High-tech firms are now projecting that their AI and future cloud computing operations are going to add substantially to the world’s energy (i.e., electricity) needs. Constellation Energy “announced last year that it would restart the Three Mile Island site of the country’s worst nuclear power accident to help generate electricity for Microsoft, which needs more power to fuel its artificial intelligence business,” according to a WSJ article (Nov. 12, 2025), titled “U.S. Will Give $1 Billion Loan to Restart Three Mile Island.” Google, Amazon, Meta and others are also racing to get more power in order to stay competitive.
Summary
My advice generally stays the same as the past few years. It will always be prudent to reduce the use of carbon-based energy sources by making your supply chains as energy-efficient as possible. However, I expect there will be a substantial growing demand for fossil fuels for some time. As future energy needs appear to be expanding more than needs generated via population growth.
Policymakers are having difficulties weaning their citizens away from fossil fuels. The reality has been that renewable energy, while growing rapidly, has not kept up with the still-growing thirst for fossil fuels. For policymakers, today’s life challenges are getting in the way.
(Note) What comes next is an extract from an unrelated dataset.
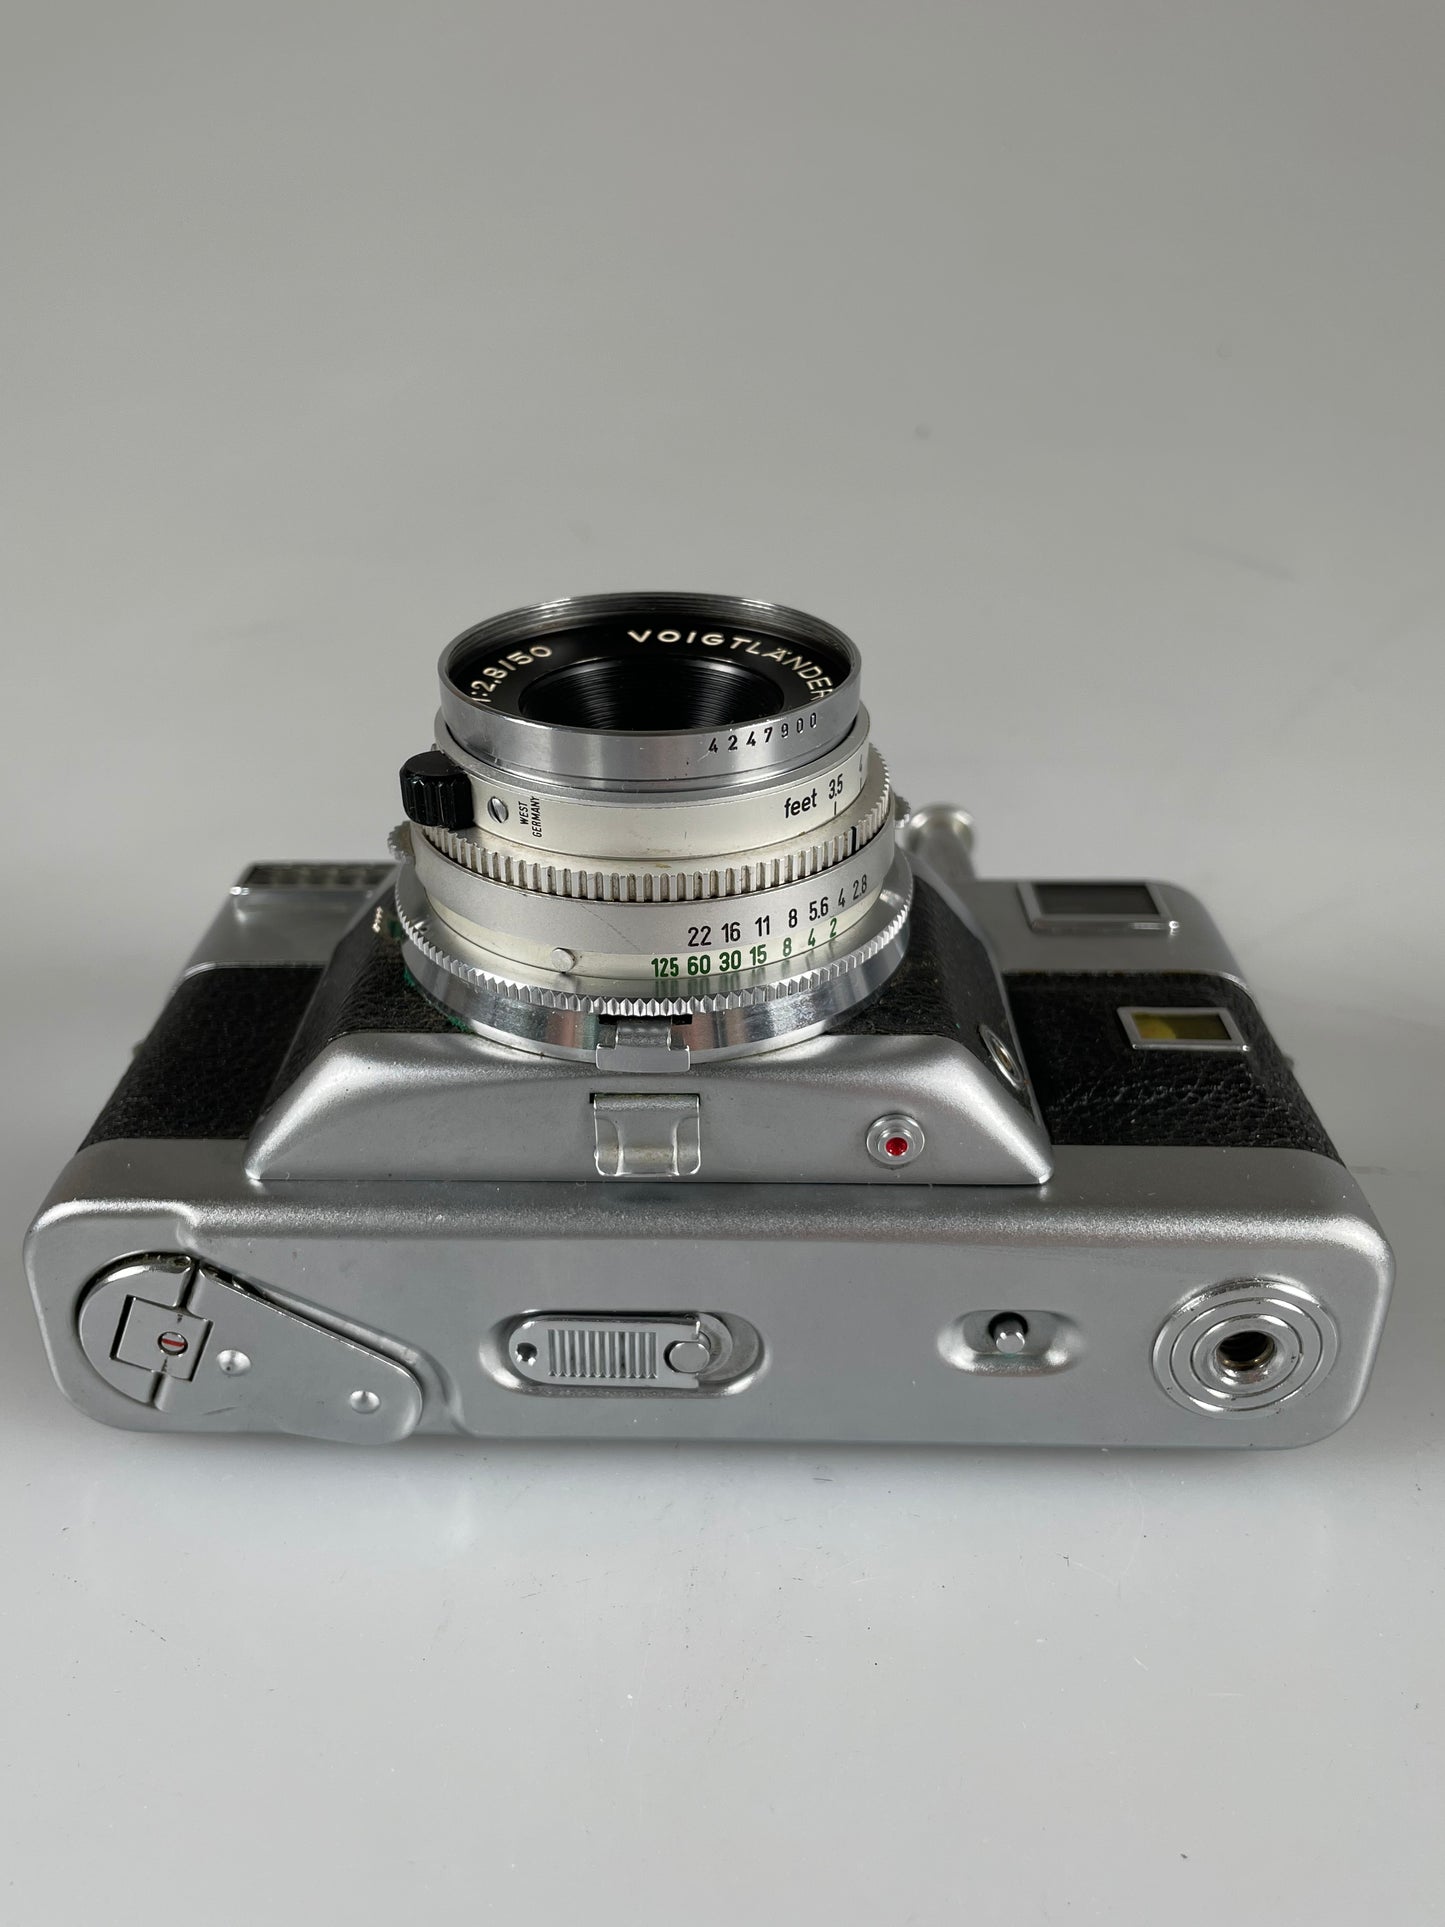 Voigtlander Vitessa T 35mm Film Camera w/ Color Skopar 50mm f2.8 Lens
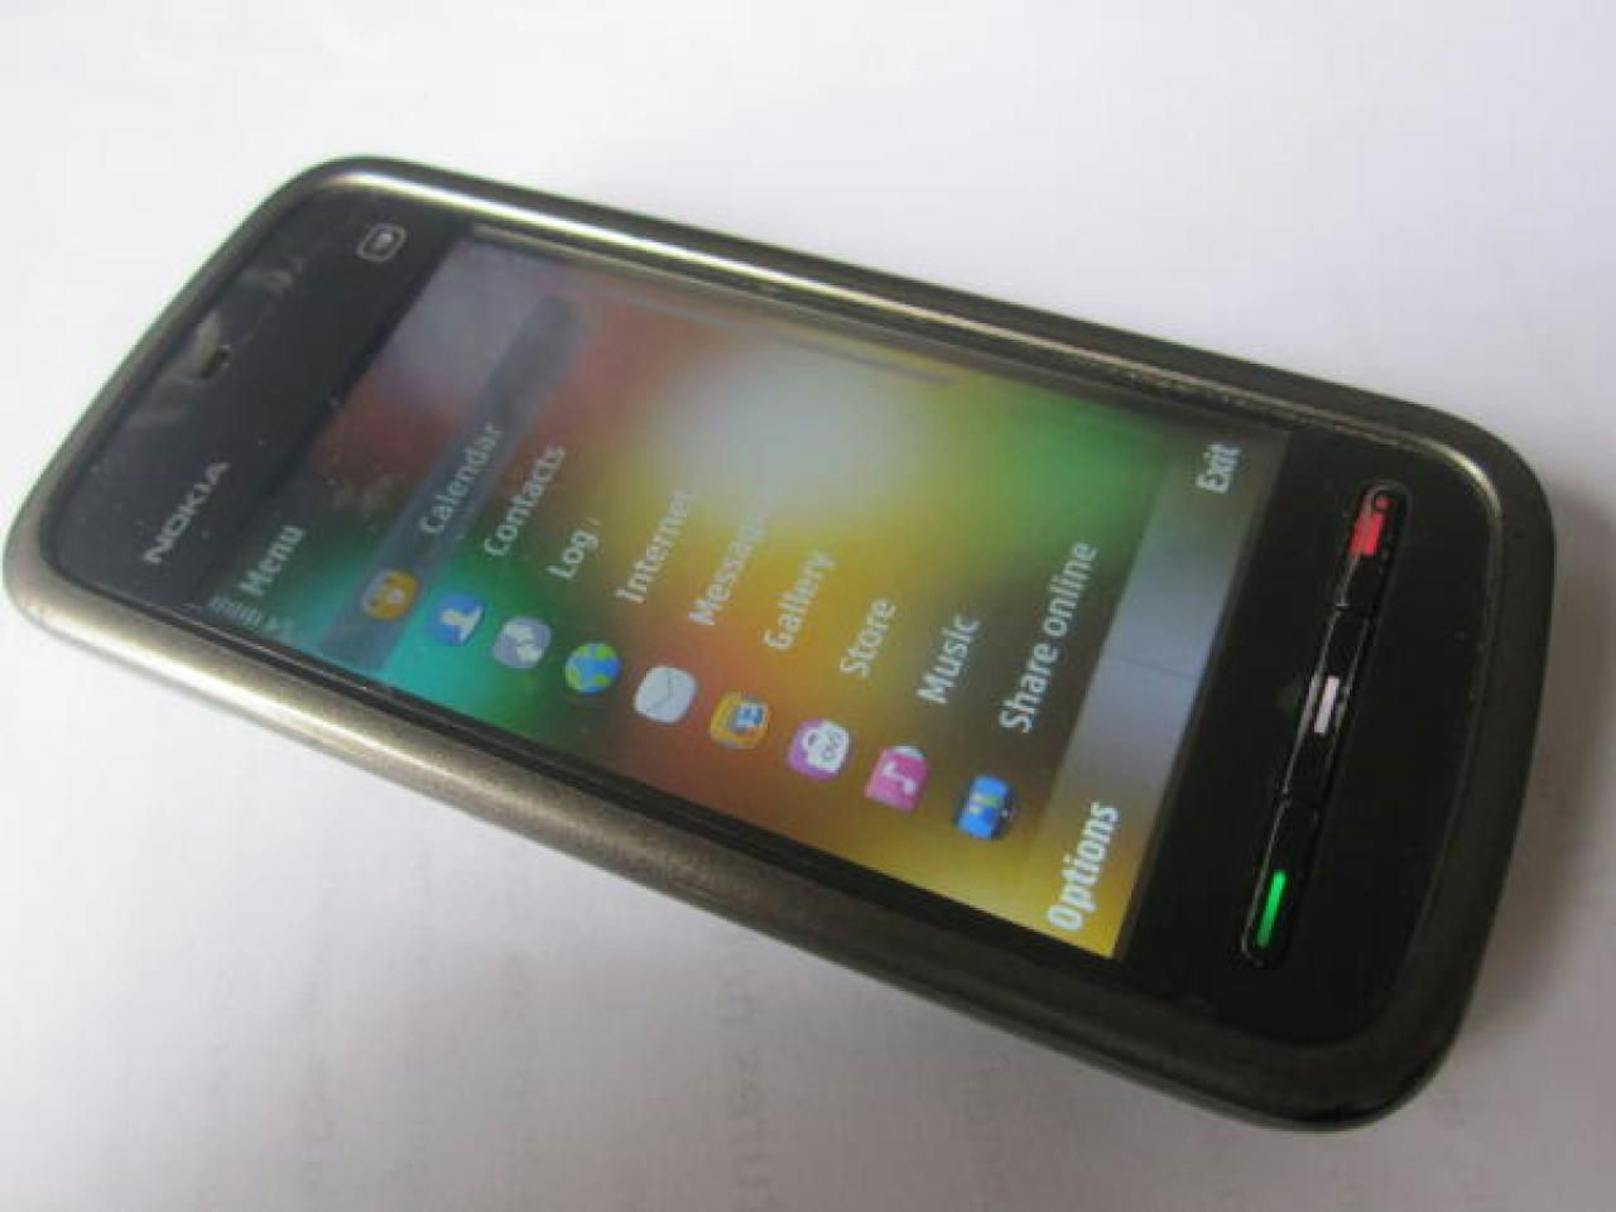 Beim Smartphone soll es sich um ein Nokia 5233 gehandelt haben. Das Modell aus dem Jahr 2010 wird in Indien immer noch verkauft, möglicherweise aber nicht mehr mit allen Originalteilen.

They too often need to put climate change policies on the back burner. Generally, in the short term, humans vote for policymakers that focus on the here and now—2050 is too far over the horizon to matter much to today’s voting population.
Meanwhile, don’t expect much significant human action on climate change until Mother Earth strikes back with a highly catastrophic climate change event due to the higher temperatures forecast by scientists. I am optimistic, however, that future supply chain managers will adapt to the new environments, and continue to supply the goods and services needed by the human race (plus robots). After all, it’s what we do for a living.